Hi,
I am using:
- QIIME 2 Plugin 'rescript' version 2024.5.1 (from package 'rescript' version 2024.5.1).
- Cluster (--mem=200G, -c 12)
- Partial Rescript Code: qiime rescript extract-seq-segments \
--i-input-sequences ${X} \
--i-reference-segment-sequences /scratch/username/rescript/filtered/${Y}.qza \
--p-perc-identity 0.8 \
--p-min-seq-len ${min_seq_len} \
--p-threads 12 \
--o-extracted-sequence-segments ${extracted_output} \
--o-unmatched-sequences ${unmatched_output} \
--verbose
One of the slurm*.out gives me:
SLURM_ARRAY_TASK_ID: 188
X: /scratch/username/rescript/filtered/genbank_8_b/genbank_8_b.fasta.split/genbank_8_b.part_035.qza
Y: ref_ch
min_seq_len: 29
vsearch v2.22.1_linux_x86_64, 376.4GB RAM, 32 cores
https://github.com/torognes/vsearch
Reading file /scratch/username/metacurator/temp/qiime2/username/data/0f6bab7d-ff06-41ad-9942-81d12653a6a3/data/dna-sequences.fasta 100%
171767 nt in 1174 seqs, min 109, max 211, avg 146
Masking 100%
Counting k-mers 100%
Creating k-mer index 100%
Searching 100%
Matching unique query sequences: 95 of 769 (12.35%)
Running external command line application. This may print messages to stdout and/or stderr.
The command being run is below.
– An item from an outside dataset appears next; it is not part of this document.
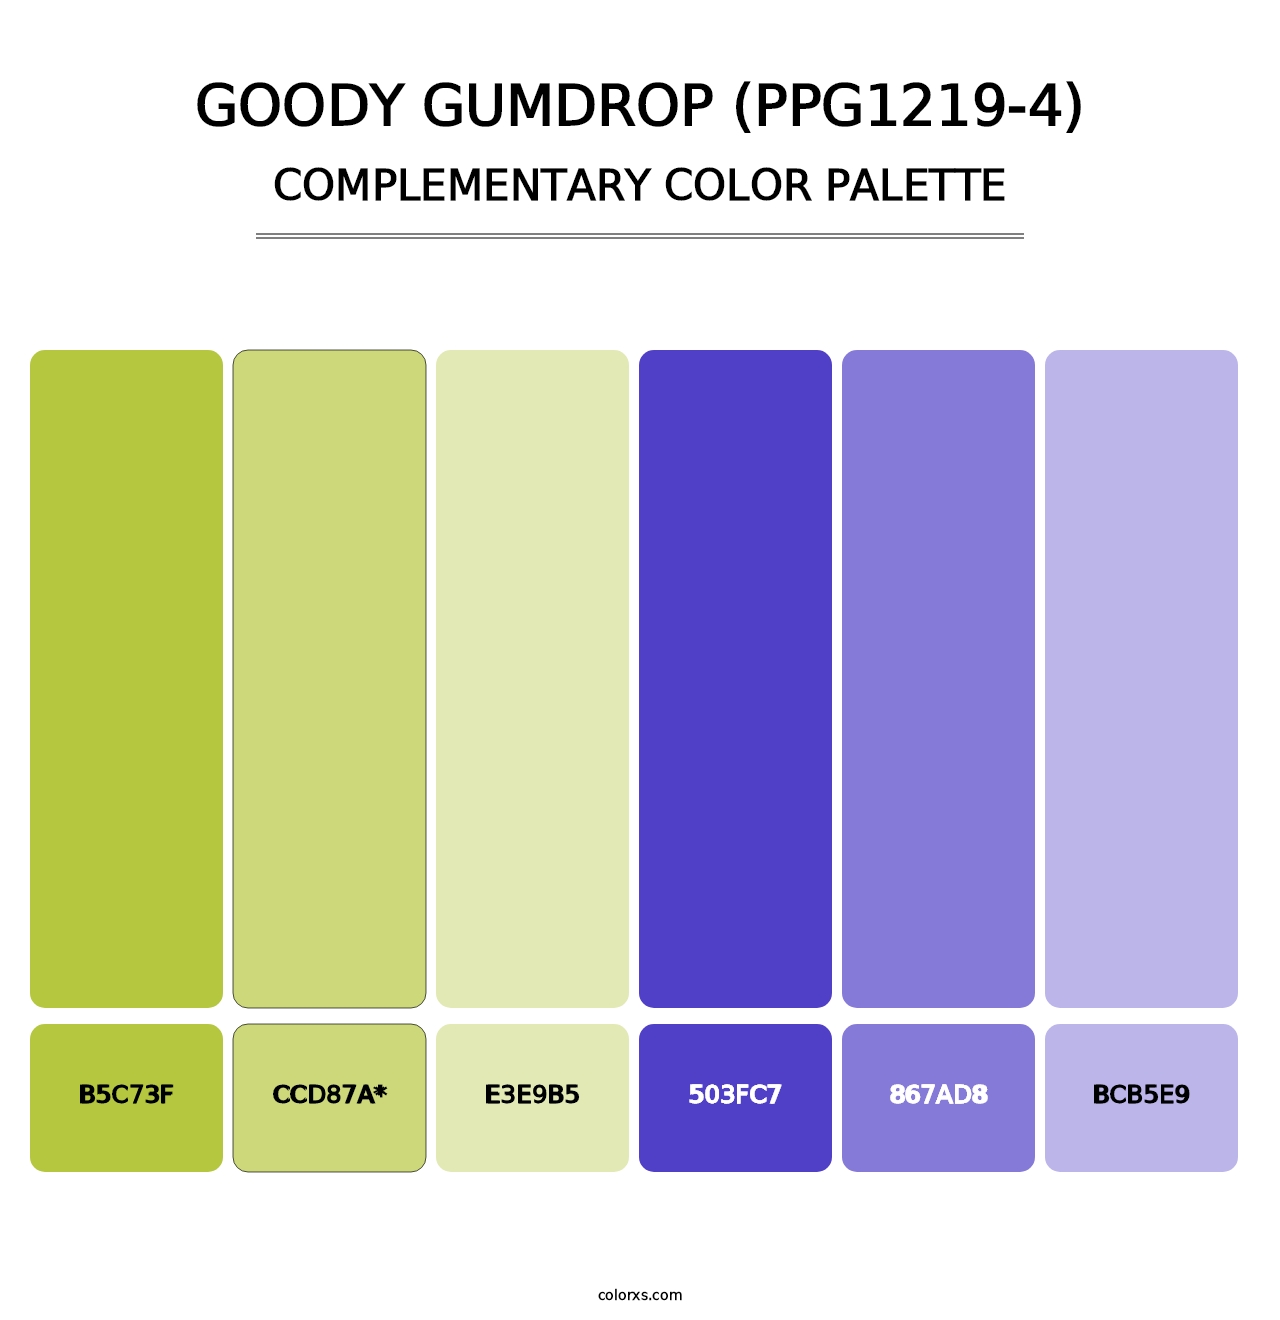 Goody Gumdrop (PPG1219-4) - Complementary Color Palette

This command cannot be manually re-run as it will depend on temporary files that no longer exist.
Command: vsearch --usearch_global /scratch/username/metacurator/temp/qiime2/username/data/d90eac1e-3c72-4a54-a72f-a606981bc119/data/dna-sequences.fasta --db /scratch/username/metacurator/temp/qiime2/username/data/0f6bab7d-ff06-41ad-9942-81d12653a6a3/data/dna-sequences.fasta --id 0.8 --strand plus --threads 12 --qmask none --qsegout /scratch/username/metacurator/temp/q2-DNAFASTAFormat-4gbjoyb9 --notmatched /scratch/username/metacurator/temp/q2-DNAFASTAFormat-_lpy2p7u --minseqlength 29
Saved FeatureData[Sequence] to: /scratch/username/rescript/filtered/genbank_8_b/genbank_8_b.fasta.split/processed/genbank_8_b.part_035.qza_ref_ch_extracted.qza
Saved FeatureData[Sequence] to: /scratch/username/rescript/filtered/genbank_8_b/genbank_8_b.fasta.split/processed/genbank_8_b.part_035.qza_ref_ch_unmatched.qza
I am running multiple files using the same reference sequences (4 trnL reference sequences: CD, CH, GH, GD). It seems the reference (seed) sequence is always saved under the same temporary folder (-db /scratch/username/metacurator/temp/qiime2/username/data/0f6bab7d-ff06-41ad-9942-81d12653a6a3/data/dna-sequences.fasta). {{{ --usearch_global /scratch/username/metacurator/temp/qiime2/username/data/d90eac1e-3c72-4a54-a72f-a606981bc119/data/dna-sequences.fasta appears only once in the slurm output }}}. The following command confirms this, as the same temporary folder ID appears in multiple SLURM output files: [ grep -l "0f6bab7d-ff06-41ad-9942-81d12653a6a3" ./slurm*
./slurm-4266924_158.out
./slurm-4266924_161.out
./slurm-4266924_164.out
./slurm-4266924_167.out
./slurm-4266924_170.out
./slurm-4266924_173.out
./slurm-4266924_176.out
./slurm-4266924_179.out
./slurm-4266924_182.out
./slurm-4266924_185.out
./slurm-4266924_188.out
./slurm-4266924_191.out ]
This behavior may lead to the error message: "The command being run is below. This command cannot be manually re-run as it will depend on temporary files that no longer exist." error.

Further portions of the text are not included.